Peace Envoy Rice should embrace as her mission a return to Taba, to political negotiations. Secretary Rice will caution that the leaderships and publics on both sides are not ready for such a move. Peace Envoy Rice will have to reverse this equation. Both leaderships need to show progress and provide hope to stay alive politically. The Israeli center has shifted from territorialism towards pragmatism while the new Palestinian Unity Government provides the formula for a Palestinian negotiating partner that could be better placed to deliver on security. Secretary Rice will warn that this conflict has no solution, certainly not in the lifetime of this administration.

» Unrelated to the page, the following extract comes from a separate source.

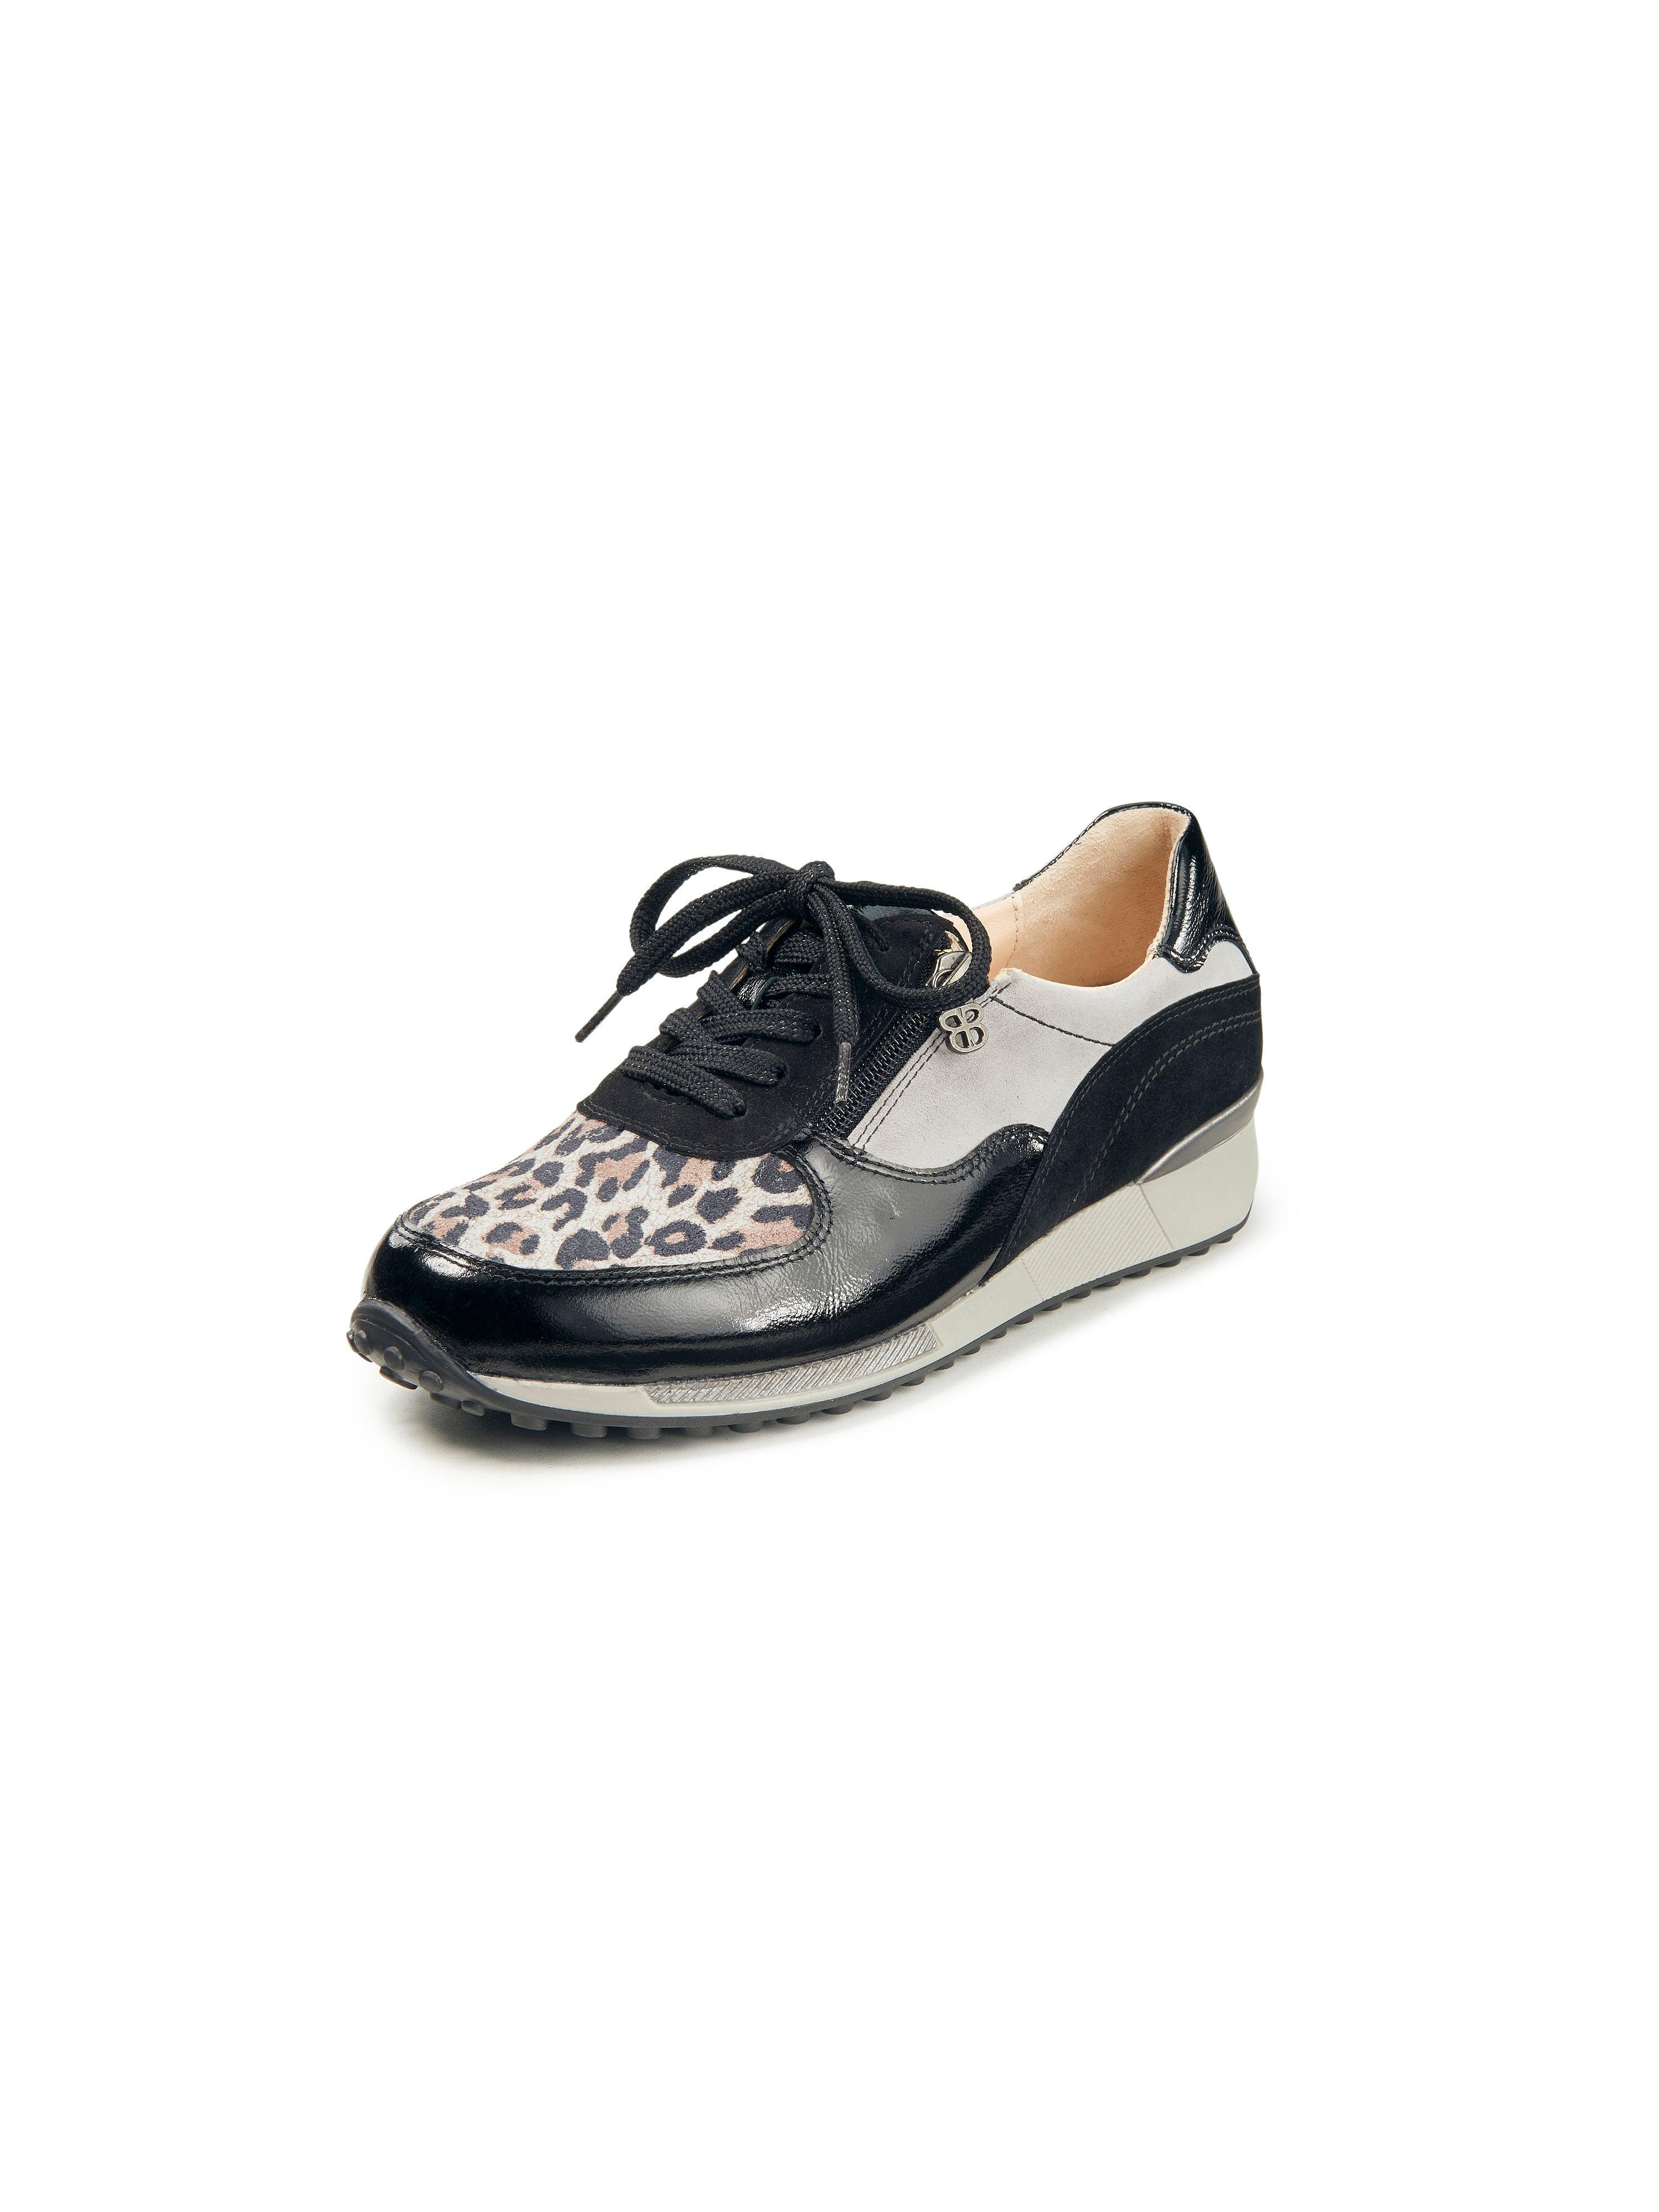 Sneakers Jule Van Basler zwart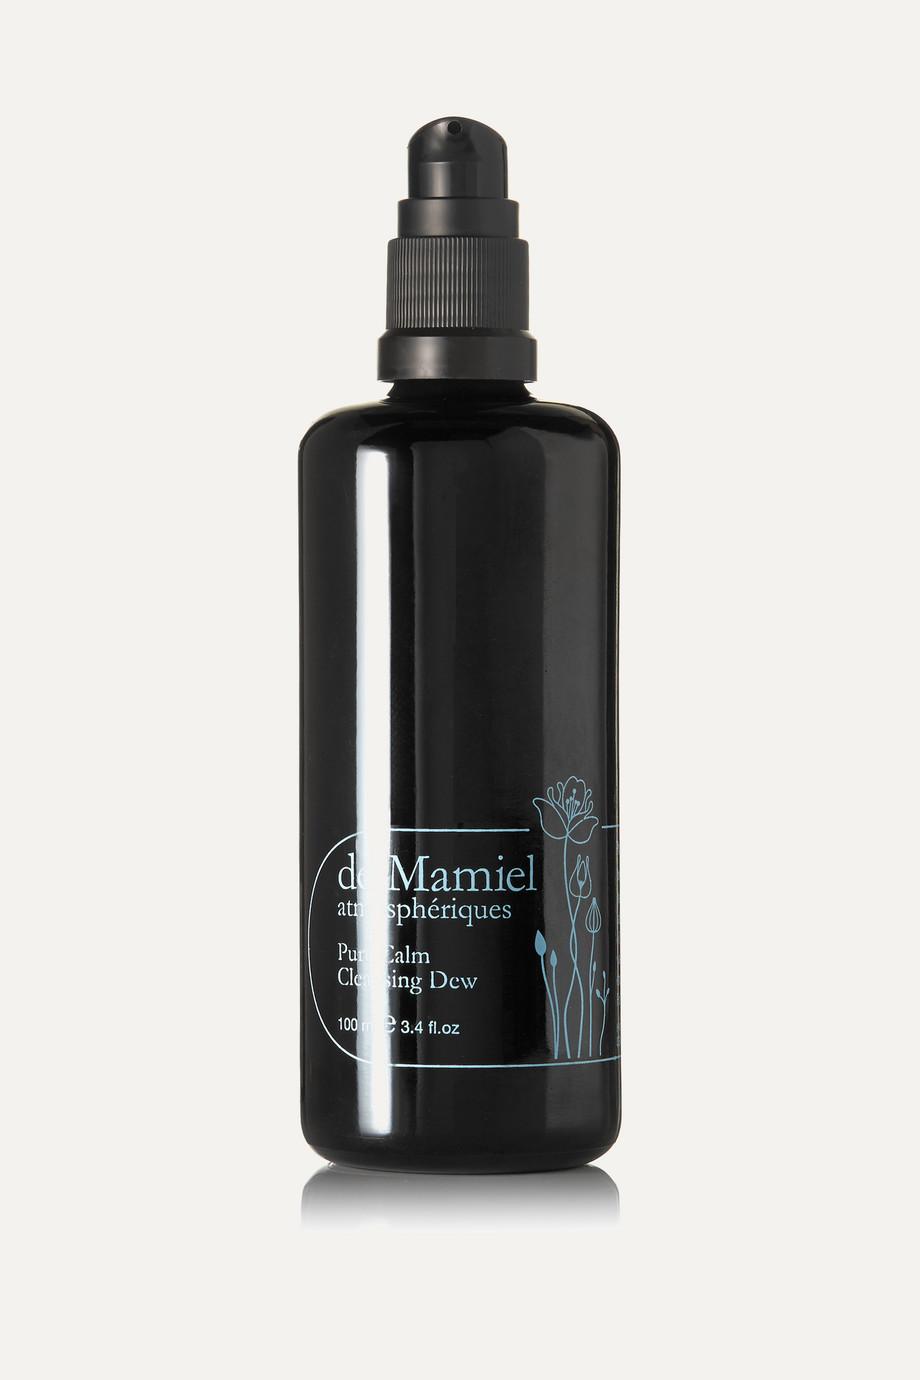 de Mamiel Pure Calm Cleansing Dew, 100ml

Peace Envoy Rice will need to have studied and familiarized herself with the material - the previous negotiations, the Clinton parameters, the Geneva Initiative - all realistic and practical solutions that are within reach. Agreeing on the endgame can be combined with phasing its implementation. There is space too, for new creative input. A broader package for instance, that goes beyond the bilateral, and includes Arab state recognition of and relations with Israel (the Saudi initiative), aid, trade, and economic arrangements, and international oversight of security provisions. Such a package would make any agreement more marketable and acceptable to both publics.

When Secretary Rice expresses ideological objections to Palestinian President Abbas sharing power with Hamas, Peace Envoy Rice will have to push back hard. The Palestinian Unity Government should be primarily judged on its actions, not its words, and could confer broader legitimacy on any agreement reached by Abbas.

I was a member of that Israeli negotiating team at Taba six years ago, and unlike at Camp David, we came genuinely close to a deal. The crucial ingredient was that the Americans had submitted their parameters for permanent status (the Clinton plan), but the great miscalculation was in the timing - it had come too late. Prepare your detailed plan for an endgame Ms. Rice, think big, and don't wait too long before you present it.

Daniel Levy is a Senior Fellow at the New America and The Century Foundations and directs their respective Middle East Peace policy initiatives. He formerly worked as an adviser in Israeli PM Barak's office, as an official negotiator and as lead Israeli drafter of the informal Geneva Initiative peace plan.